Common components for OPM, in particular build system (cmake).
http://www.opm-project.org
GNU General Public License v3.0
33 stars 111 forks source link

Issue with output during ensemble simulations #1557

Open totto82 opened 4 years ago

totto82 commented 4 years ago

A colleague of mine is running Flow for history matching on a server with 72 cores. He runs 72 realizations at the same time with non-unified output. i.e. many output files are created very often. Some of the simulations produce this error message.

EclOutput.cpp:162: fstream fileH not open for writing.

and many empty summary and restart files.

Any clue?

joakim-hove commented 4 years ago

Well; it means that openstatement here has failed - exactly why that has failed I do not know.
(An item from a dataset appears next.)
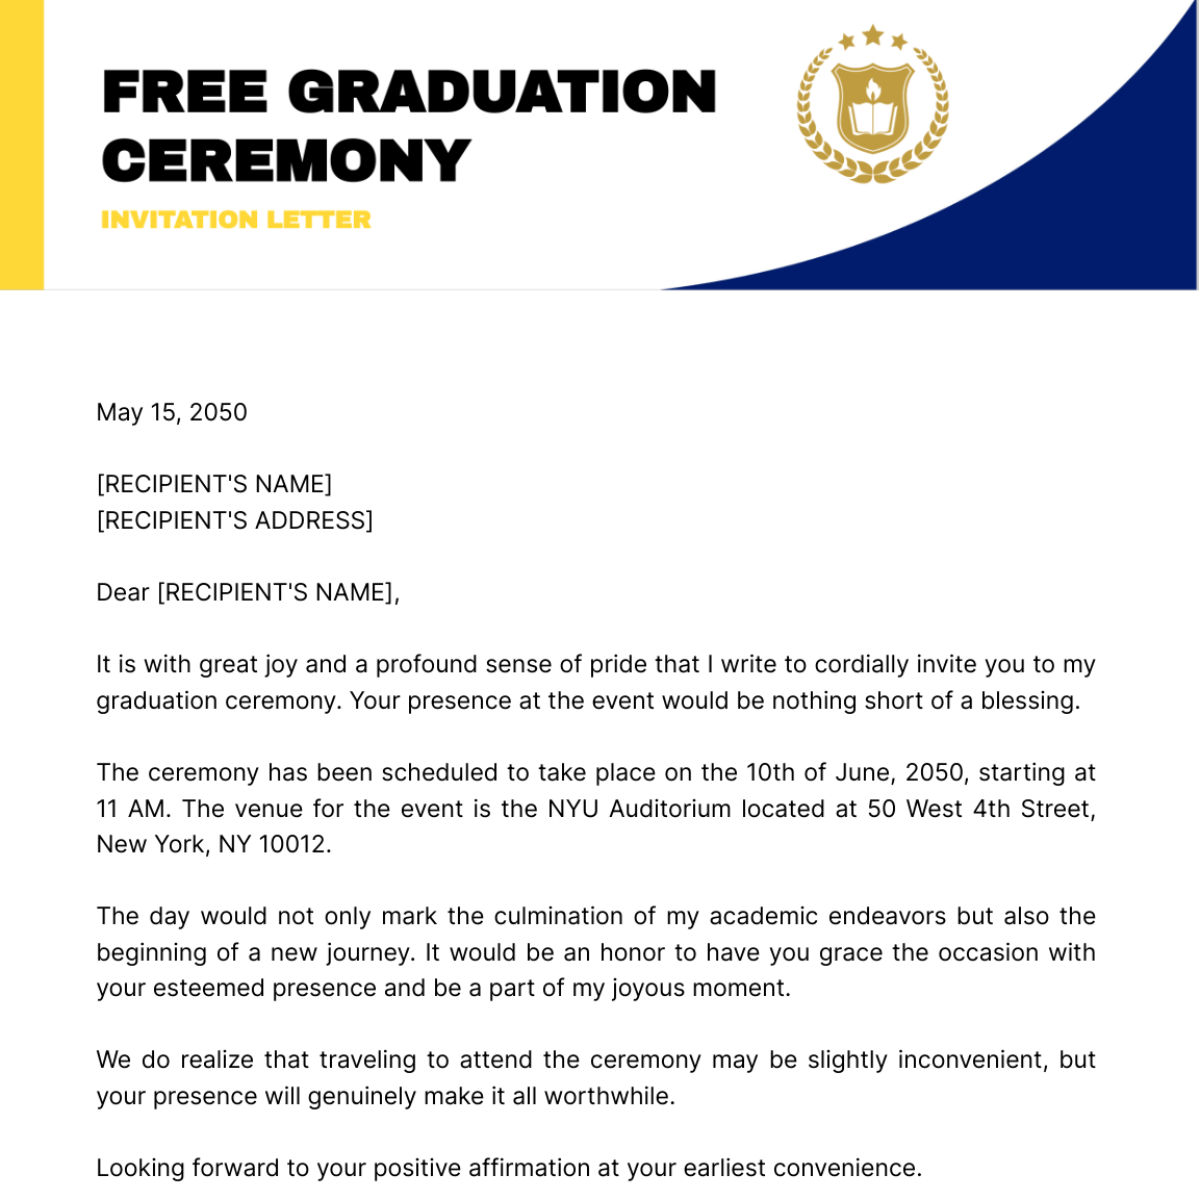 Graduation Ceremony Invitation Letter Template
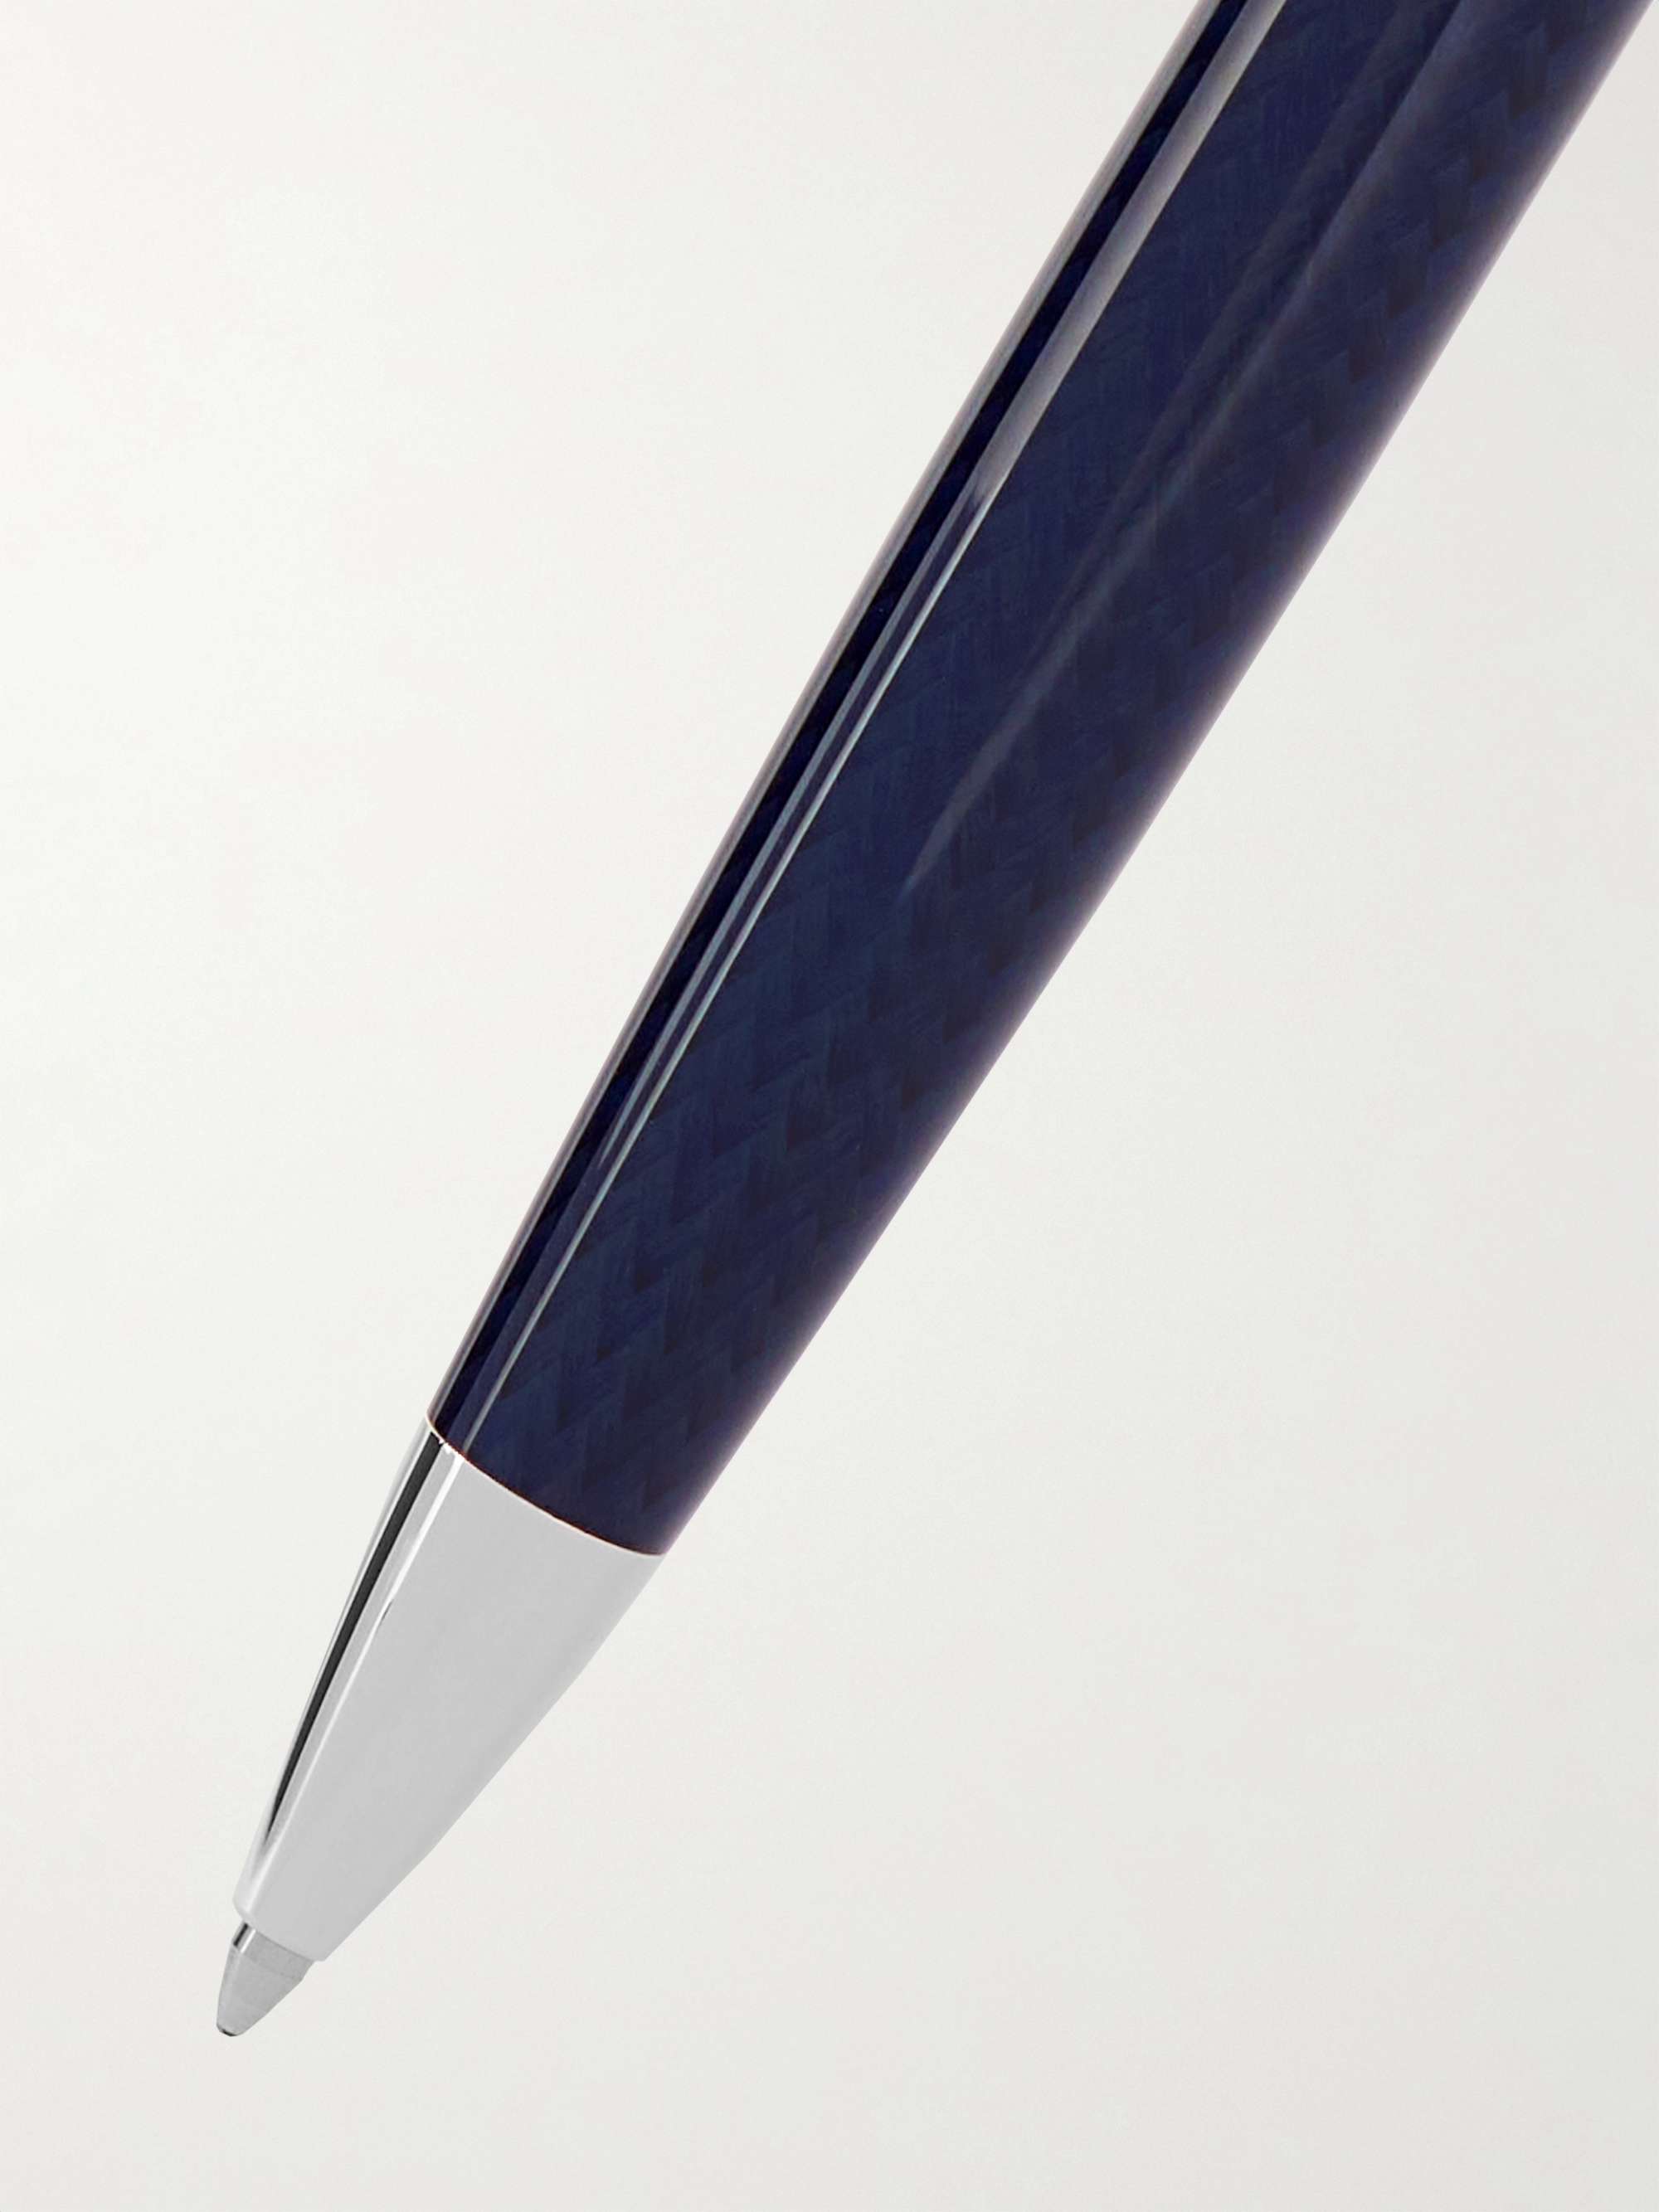 CHOPARD Mille Migla Carbon Fibre and Palladium Ballpoint Pen

Would need to print some error messages from the open call; operating system / NSF / fd exhaustion / ????

Some of the simulations produce this error message.

Errors encountered in output are to a large extent "masked" by "catch all" somewhere; the situation you have encountered should in my opinion have produced an immediate exit(1).

blattms commented 4 years ago

Well there is usually a limit to the number of open files on a linux system. Maybe this is reached and opening another one fails therefore?

BTW: I could not find a place where we actually close EclipseOutput::ofileH but might just have missed it. Maybe we should close it?

bska commented 4 years ago

I could not find a place where we actually close EclipseOutput::ofileH

The stream is implicitly closed when destroying the data member as part of running the EclipseOutput::~EclipseOutput() destructor. That, in turn, happens at simulation shut-down and when we reassign the output stream (i.e., when opening a new stream) here. Of course, as of C++17 we're guaranteed that the right-hand side of the

this->stream_ = /* ... */;

assignment is evaluated/sequenced before the assignment itself which means that we open the new stream/file before closing the previous. If we're particularly unlucky we could end up in case where all—or a large majority of—the ensemble simulations attempt to create a new summary output stream at the same time which would increase the risk of exhausting the open file limits.

As a quick check it would be interesting to see if the problem is abated by inserting

this->stream_.reset(); // Close existing stream, flush output

before opening a new stream using

this->stream_ = /* ... */;